Why Law &Order: SVU's terrible Gamergate episode should surprise no one
The “Intimidation Game” episode begins with a decent representation of a gaming expo. A female game exhibitor is harassed by two skinny white dudes, who follow her to a bathroom and assault her. When one of the SVU detectives asks her what happened, she tells the cop “they leveled up” before the trademark “Law and Order” theme music plays.They don't usually get more defeatist than this. Besides, there's been no examples of actual sexual violence taking place to date in the game industry, despite the writer's insistence on believing the movement is all scumbags across the board.
That’s when I threw a full carton of chow mein at the TV.
You’ve got to be kidding me. No one talks like that — ever — especially moments after being sexually assaulted. The episode — what I could see of it between the greasy noodles — then spirals into an out-of-control trainwreck of various stereotypes, misconceptions and outright lies about gamers and video game culture.
I can take all that. I’ve seen it before in primetime TV and beyond. But what I found truly heinous was the message it sends to women in the gaming industry that are already under constant attack.
In the episode, a young woman is developing a game. She faces a series of online threats and abuses clearly based on the GamerGate movement, which is a fairly large group of mostly young, white guys attempting to force outspoken women out of game development and journalism through horrible abuse campaigns.
The central character seems based on the two main GamerGate targets: independent game developer Zoe Quinn and media critic Anita Sarkeesian. The character is accused of sleeping her way to her position and is the victim of unending waves of cyber attacks.
The episode soon ratchets this scenario up for dramatic effect. The developer is kidnapped and tortured by gamers who “can’t tell the difference between a game and reality.” That is the laziest excuse for human behavior ever, by the way. I discussed it with a colleague at GamesBeat, and we, in our years of playing and writing about games, have never heard anyone say, or even imply, that they didn’t know a game from real life.
Eventually, the cops save the woman. And she quits. She gazes into the distance and utters something like, “Women in gaming — what did I expect?”
Right, because that’s a good message to send to millions of primetime viewers, many of whom probably love games. Women should know better than to design video games.
I spoke about the TV series several years ago, and noted a glaring example of the blame-victim/women tactics that have stuffed the series very disturbingly at various times. When the now defunct parent series was originally broadcast, I gave up watching it early on, because it was quite honestly irritating and too depressing for words, and even back then, there was some very awful scriptwriting involved, and it wasn't immune to being offensive on a racial level either. Years later, I decided to do a bit of research, and if there was something I noticed about nearly every episode, it's that they involved and/or were built around a murder. And if it wasn't that, then it was rape/child abuse. And I'm wondering, why must it be that way over 99 percent of the time? Are we as adults really so narrow, we can't take interest in a story involving simpler elements like robberies, assaults and carjackings? Why must it always be murder and rape these police dramas are about? We should be so ashamed if we can't appreciate some of the simpler things in the police procedural drama.

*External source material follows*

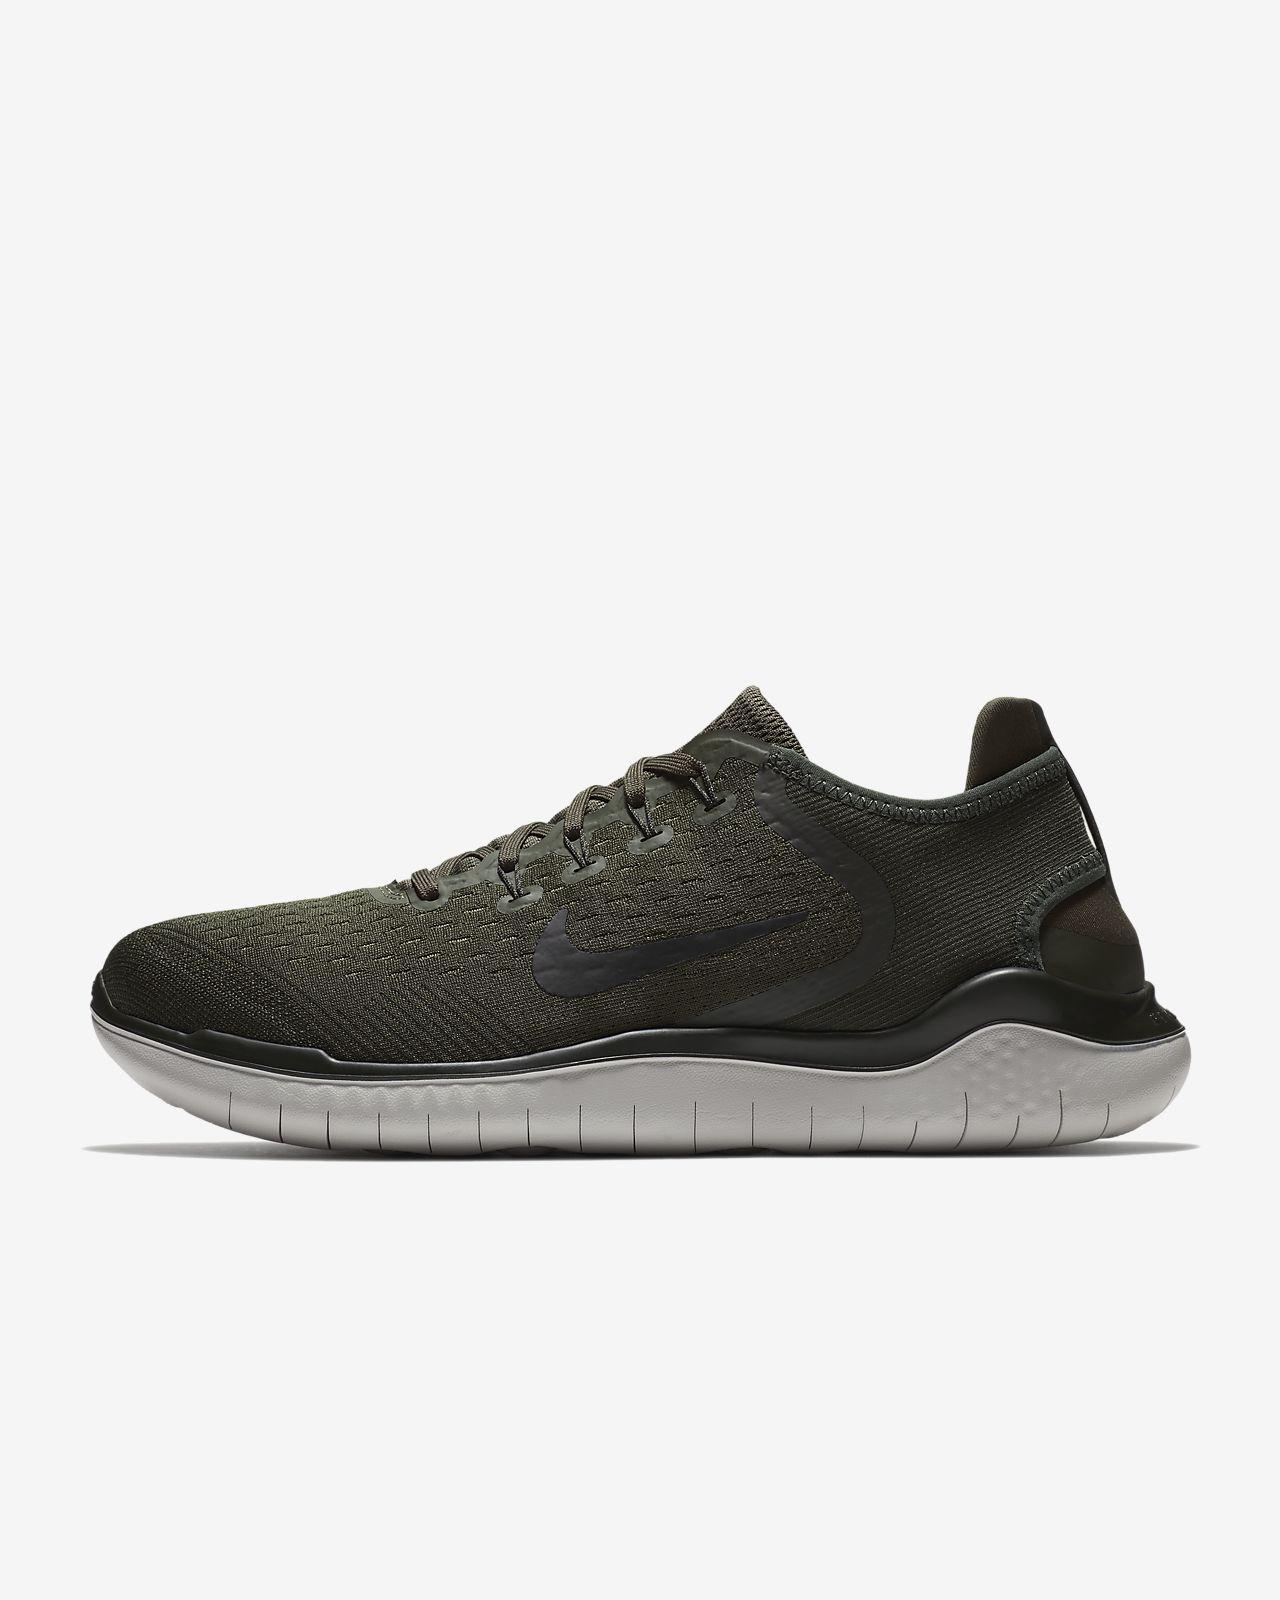 Nike Free Rn 2018 Id Examiner Votre Cas vente pas cher 2014 unisexe sortie d'usine prix de liquidation vente meilleure vente blajUjI

Here's more on Breitbart (via Ed Driscoll) about how the mainstream/gaming press reaped what it sowed:
The truth is, the gaming press gave the writers of Law & Order: SVU all the ammunition they needed and more, because they have spent the past six months whipping up the greatest pop-culture panic since Dungeons & Dragons was accused of spreading Satanism in the 1980s. And all because they were upset about a little professional scrutiny and calls for better standards. [...]Which only suggests that, despite their negative take on the episode of a "franchise" whose cancellation is long overdue, they have no regrets about blanket smearing a whole population you'd think they were in the business of representing. I've sometimes been skeptical they actually like the medium they're writing about, so why don't they try writing about an all but overlooked medium like theater plays instead?
Even journalists who previously went along with the anti-gamer narrative have baulked at defending this portrayal. With the exception of Polygon, a site that is rapidly becoming the epicenter of crazy in digital media, Law & Order received almost universal condemnation. Jason Schreier of Kotaku, Erik Kain of Forbes, and Chandra Steel of PC Mag all published damning verdicts on the episode. Even Anita Sarkeesian and Zoe Quinn couldn’t bring themselves to defend the show, despite the fact that it borrowed heavily from their own media narratives.
I suspect what really annoys them all about last week’s episode is that it unintentionally revealed the prevailing media narrative for what it is: a moral panic. As Kain and Schreier both note, it is impossible to watch the show without seeing the resemblance to the panics of times gone by. Comparisons to other famous exploitation films, like Reefer Madness (1936) and Mazes & Monsters (1982) are already being made.
With any luck, this latest catastrophe will convince more people that the time has come to put the whole L&O franchise to bed permanently, and not even bother watching a related miniseries NBC is said to be planning for broadcast soon. We do not need so much awful farrago littering up prime time. And this is coming from someone who doesn't care much about video games today as he once might've.